As we think about who we are as St. Paul's Church, as we think about becoming an oasis, and offering an oasis  - not only to each other, but to those still outside the doors - needing to know what grace might look like in their lives.  What does that mean?  How do we offer refuge to someone who may not know what refuge can be like?  How do we offer peace in a world that doesn't always value peace?  How do we offer the joy of God's love, relationships, and forgiveness to those who maybe don't know what they are missing out on?

If we want to be an oasis and offer an oasis - we need to know what we're offering, who we're offering it to, and how to go about it...   We need to do some soul-searching.  We need to know what gifts and abilities each and every one of us can bring to the community - and can share with our new friends.  We need to realize that there's no bench to sit on the sidelines...  But that we're all needed in providing this gift to our world.

The question is - what do you get out of this sacred place?  What kind of oasis do you experience when you walk through those doors?  And how can you welcome someone else in to it?  What is one thing you could do, to share and offer our oasis with someone outside of our doors?

I'd like to offer us a minute or two of reflection time...  To ponder these questions.  If you feel comfortable enough - share your ideas on the blue card.  I'd love to personally follow-up with you and see if we can come up with a way for you to share your gift with those around us - to offer an oasis...  Maybe it involves cooking, praying, visiting, a love of youth or children, driving, greeting, who knows?  But if there's something you love about being here - that offers you a sense of "oasis" - how could you help someone else to feel the same?  And if you have no idea?  Take a moment to ask God to show you...  You never know how the Spirit may nudge you...

Isaiah 35:4-7 has a wonderful description of a sense of "oasis":

Energize the limp hands, strengthen the rubbery knees.  Tell fearful souls, "Courage!  Take heart!  God is here, right here, on His way to put things right

And redress all wrongs.  He's on His way!  He'll save you!"

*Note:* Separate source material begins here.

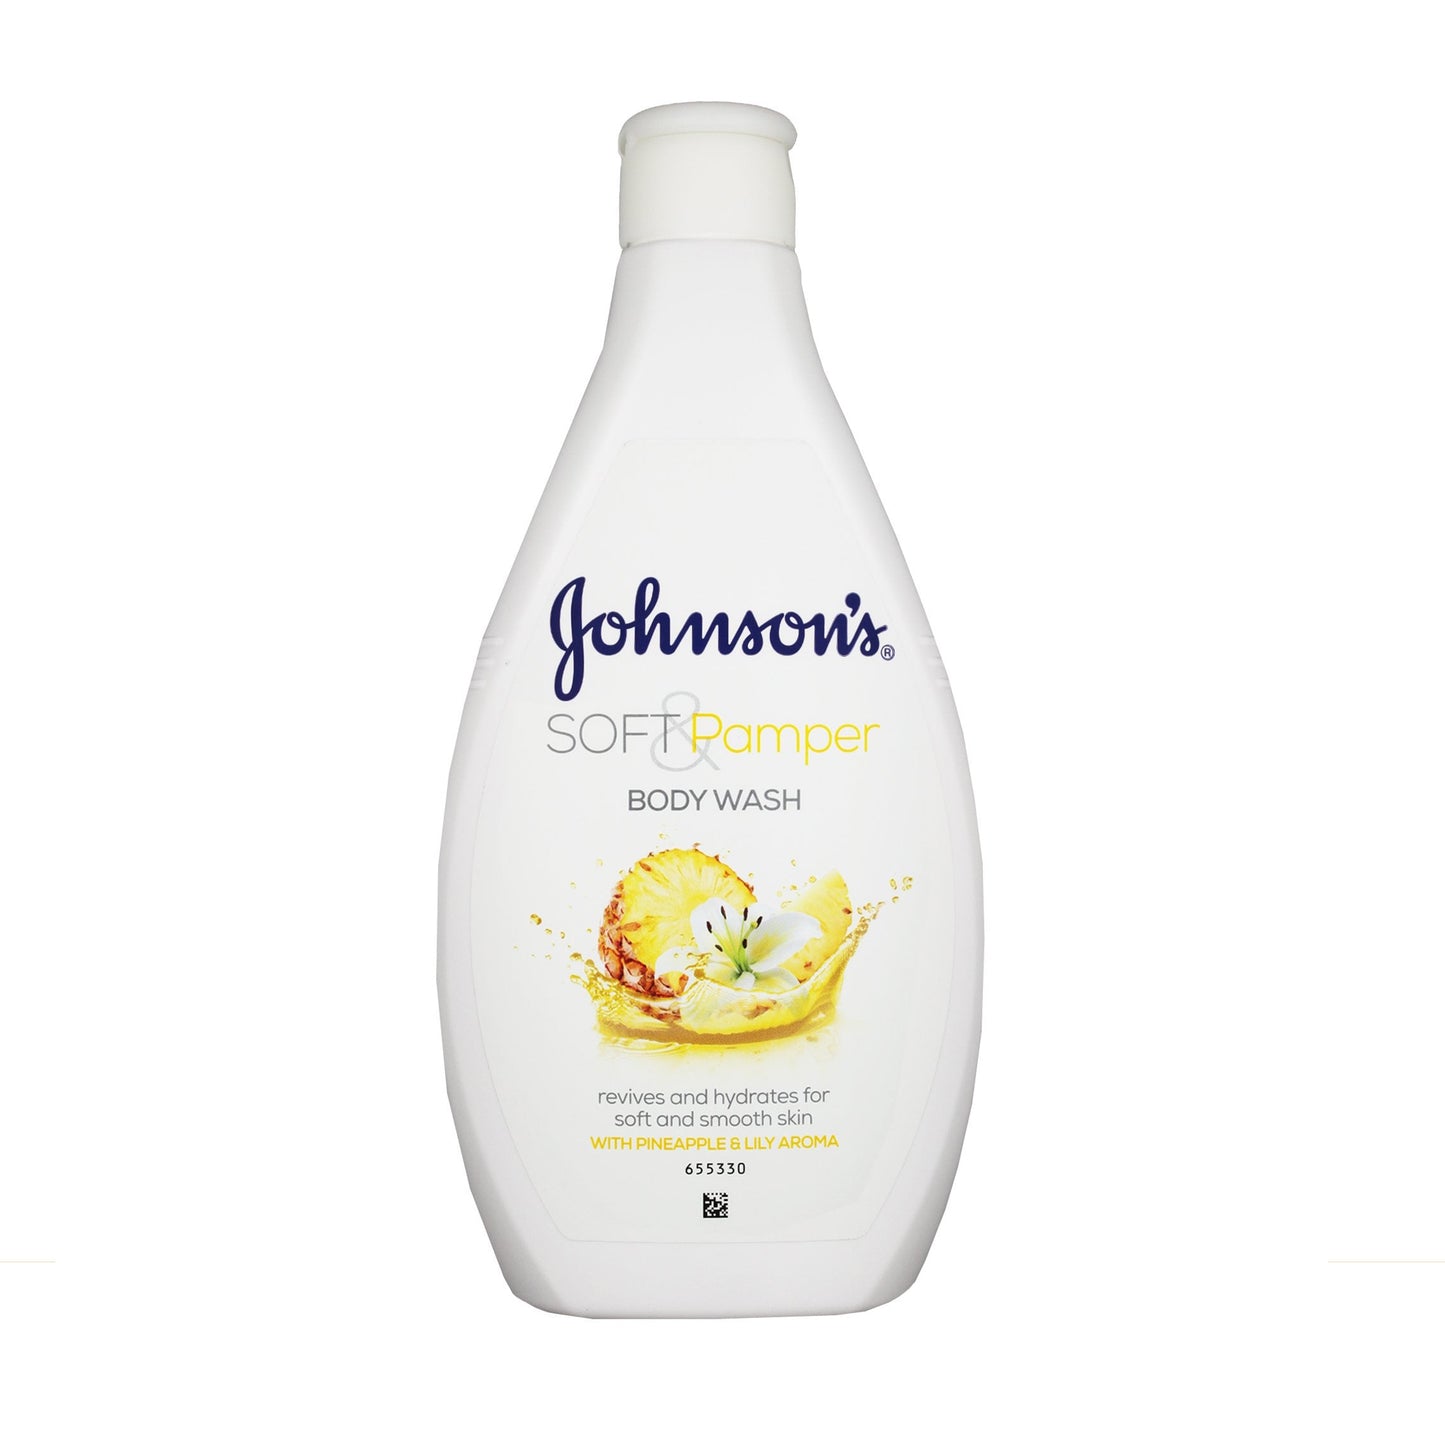 JOHNSON'S - SOFT & PAMPER BODY WASH WITH PINEAPPLE & LILLY AROMA - 400ML

Blind eyes will be opened, deaf ears unstopped, Lame men and women will leap like deer, The voiceless break into song.  Springs of water will burst out in the wilderness, Streams flow in the desert.  Hot sands will become a cool oasis,

Thirsty ground a splashing fountain.  Even lowly jackals will have water to drink

And barren grasslands flourish richly.

We all have a place in the oasis...  We all have a spot within God's kingdom.  And truth be told - we all have a role to play as well.  The images of oasis we offered today, all included a community of people coming together to care for each other and welcome the stranger.  Pastor Penny can't do this by herself.  Her and I together can't sustain an oasis...  But when we all say, "here's what I love about this place, and here's what I'm willing to do to offer our oasis to someone else?"  That's how we live...  Inspired by God's love.

Will you pray with me?

Gracious God, we come to you today as people who are weary and tired, sometimes overwhelmed with life and all the things that press and confine us...  We come to worship, in this sacred place, in order to remember that we are yours, to be filled by your spirit, forgiven by your grace, and loved as we are.  We thank you, God, for all the ways you offer us an oasis - for all the times you've been our refuge and relief, our peace and comfort.  Help us to remember those experiences and to think about how we - each of us - may be willing to offer oasis to others.  Help us to see in ourselves the ability, the courage, and the desire to be your hands and feet in our world.  In your name, we pray.  Amen.